Thanks for your insights on this topic, I am sure a lot of people reading this mailing list thread can profit from the discussion!
Best, Dominik
On 18 Sep 2015 at 11:42:57, Ian Craggs (icraggs@xxxxxxxxxxxxxxxxxxxxxxx) wrote:
Hi Dominik,
if it works, I can envisage throttling definitely being
useful. I am wondering if anyone has practical experience of
using this feature, because it strikes me that it might be
difficult to choose a suitable read or write rate. Is
there an example of a problem that has been solved with this
approach, and how was the best rate selected?
Where an inflight window is used, that is generally for outbound
messages, although some client libraries do that for inbound
messages too. If you use an asynchronous API with
notifications, like the asynchronous C or Python libraries, the
application can largely be in control of the sending and receiving
of messages and acks, and so apply a degree of throttling itself,
and in a natural way for the application.
Ian
On 09/17/2015 07:51 PM, Dominik
Obermaier wrote:
Hi Ian,
thanks for bringing the topic to attention. Since I’m involved in
this blog series I’m very glad for the feedback and this must
indeed be clarified since your point of view on throttling is also
valid.
The idea for adding throttling was inspired by the fusesource
mqtt-client. I’ll copy the relevant part of their documentation
below:
-
setMaxReadRate : Sets the maximum bytes per second that
this transport will receive data at.

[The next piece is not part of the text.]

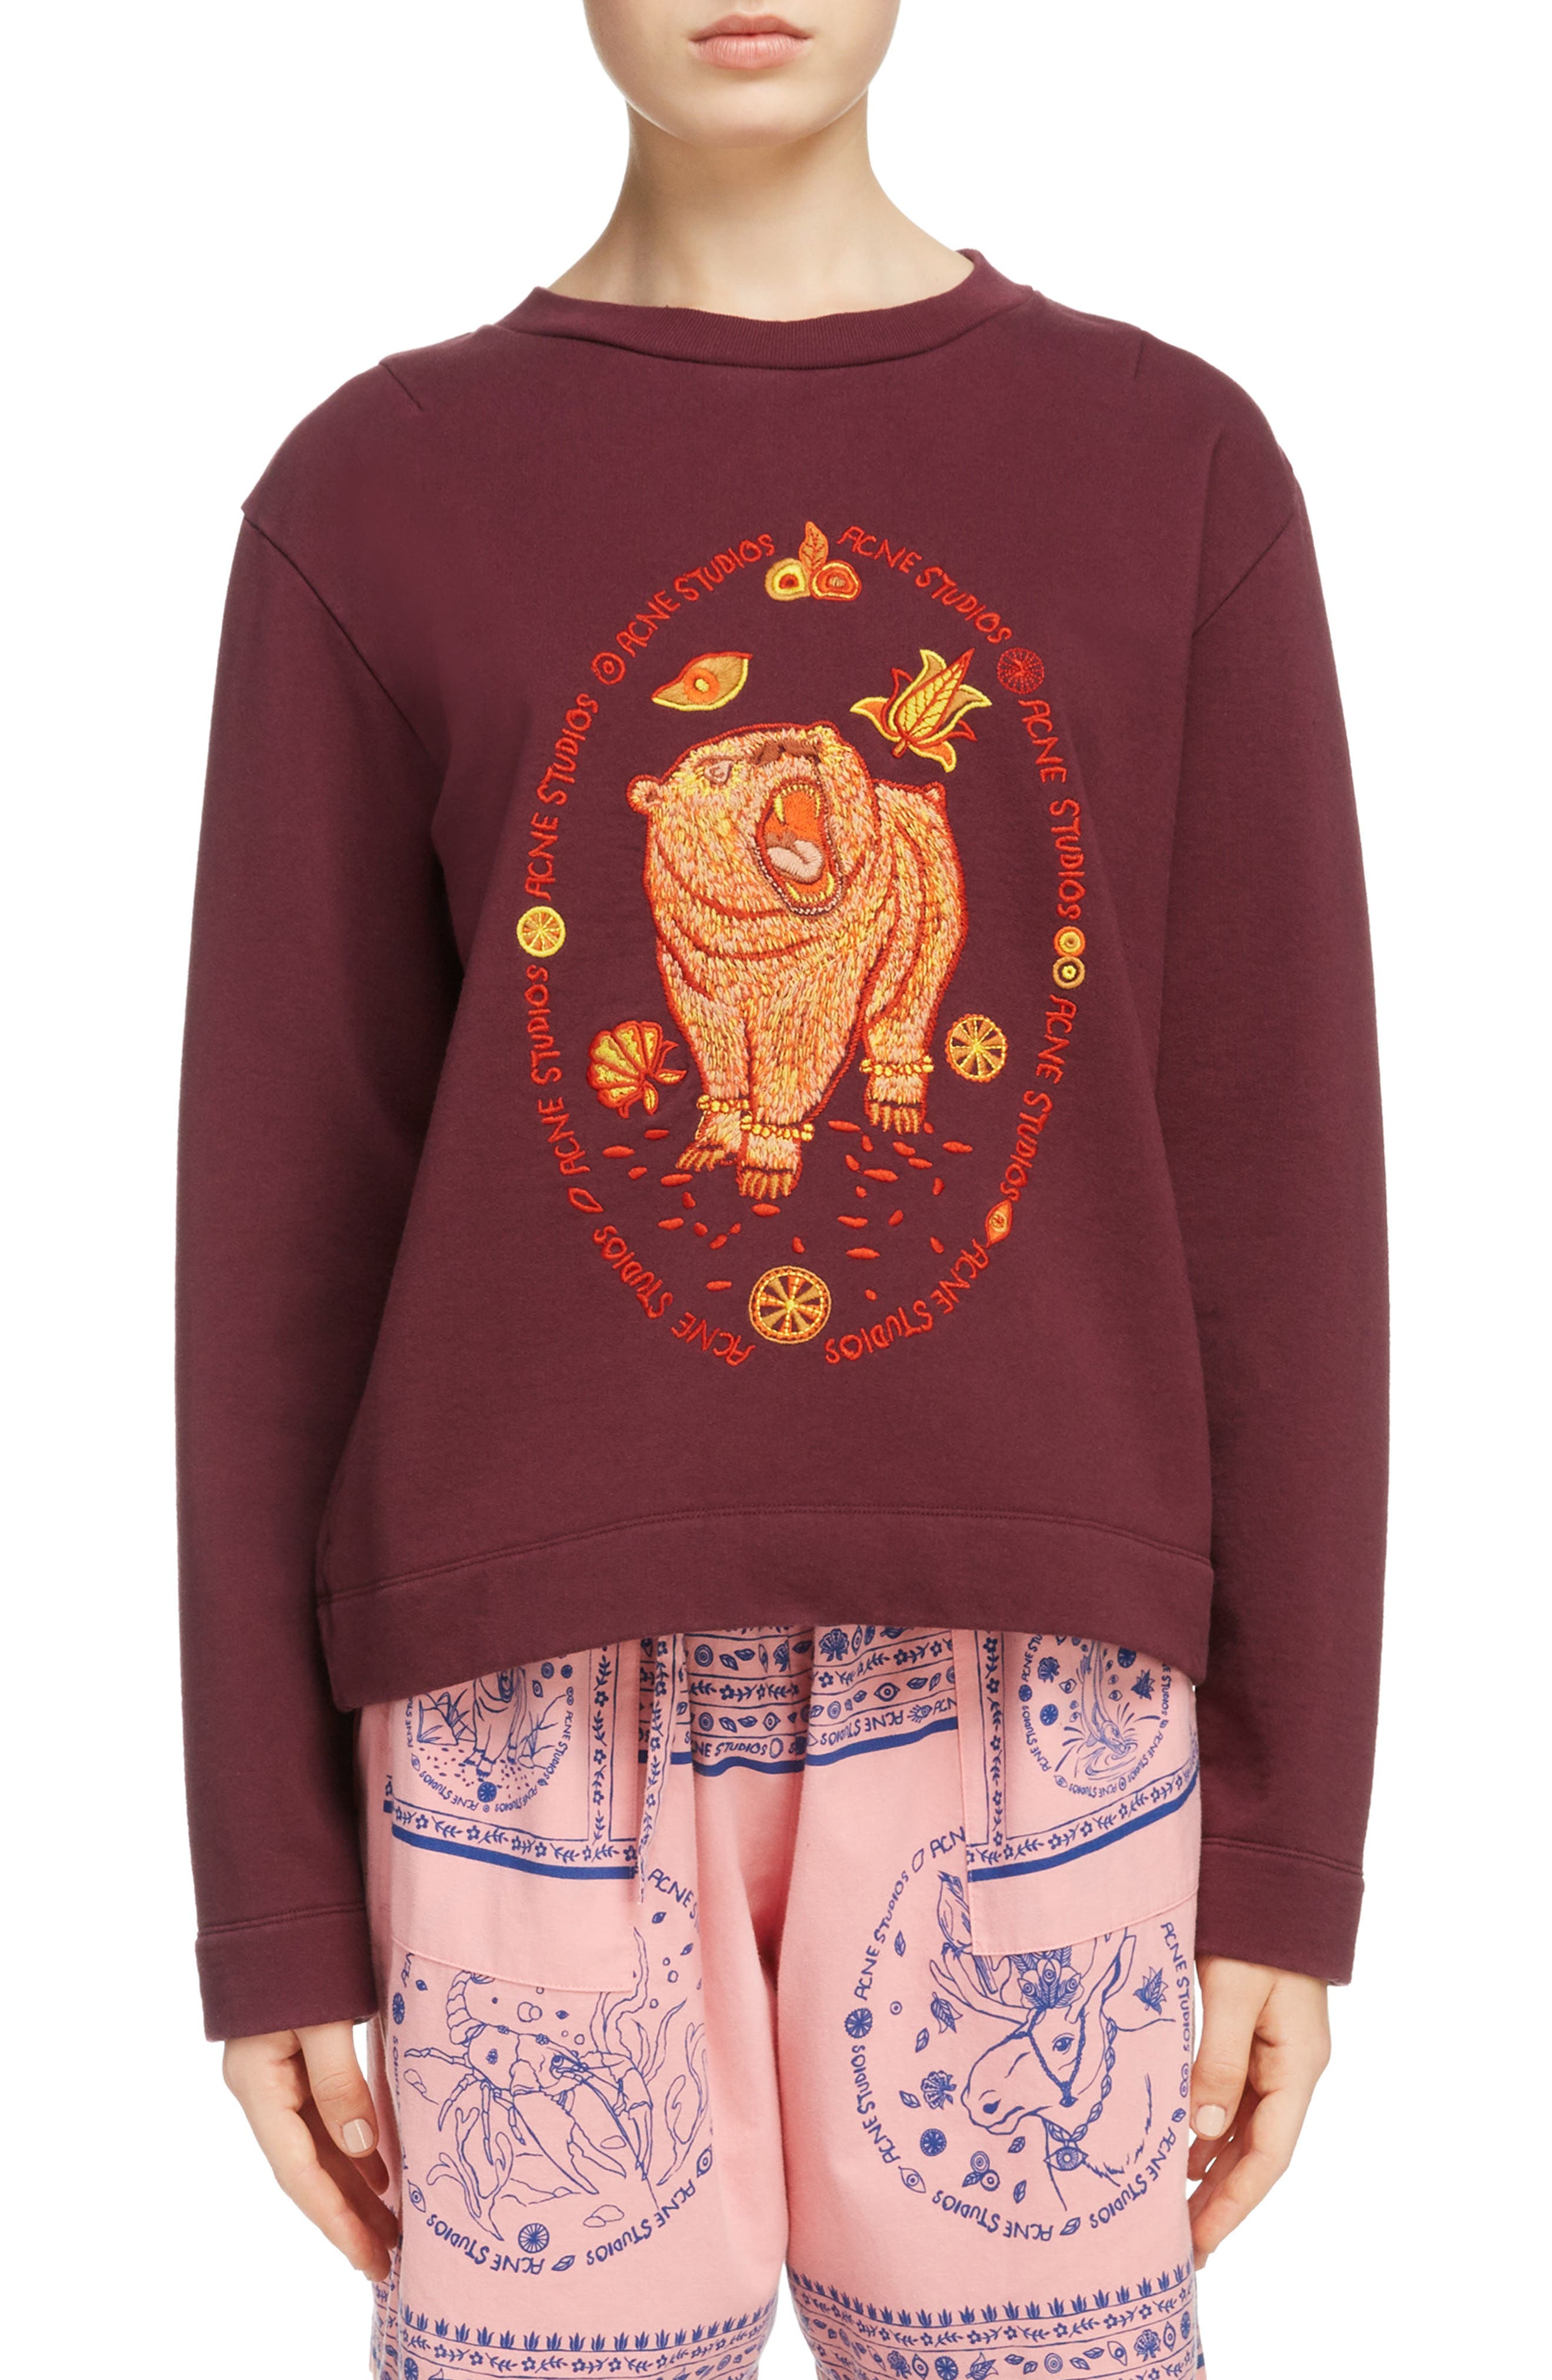 Alternate Image 1 Selected - Acne Studios Oslavi Embroidered Bear Sweatshirt

This setting throttles reads
so that the rate is not exceeded. Defaults to 0 which disables
throttling.
-
setMaxWriteRate : Sets the maximum bytes per second
that this transport will send data at. This setting throttles
writes so that the rate is not exceeded. Defaults to 0 which
disables throttling.
So the idea is to limit the maximum bytes for reading and writing
operations on the client side. With that options it’s possible to
guard the client from receiving more messages than it can handle
(you can try it out with high-throughput public brokers and
subscribe to ‘#’). This of course adds backpressure on the broker
and this will probably result in load shedding for the subscriber
if the broker supports that. This option is also very useful if you
are on constrained devices with very limited memory.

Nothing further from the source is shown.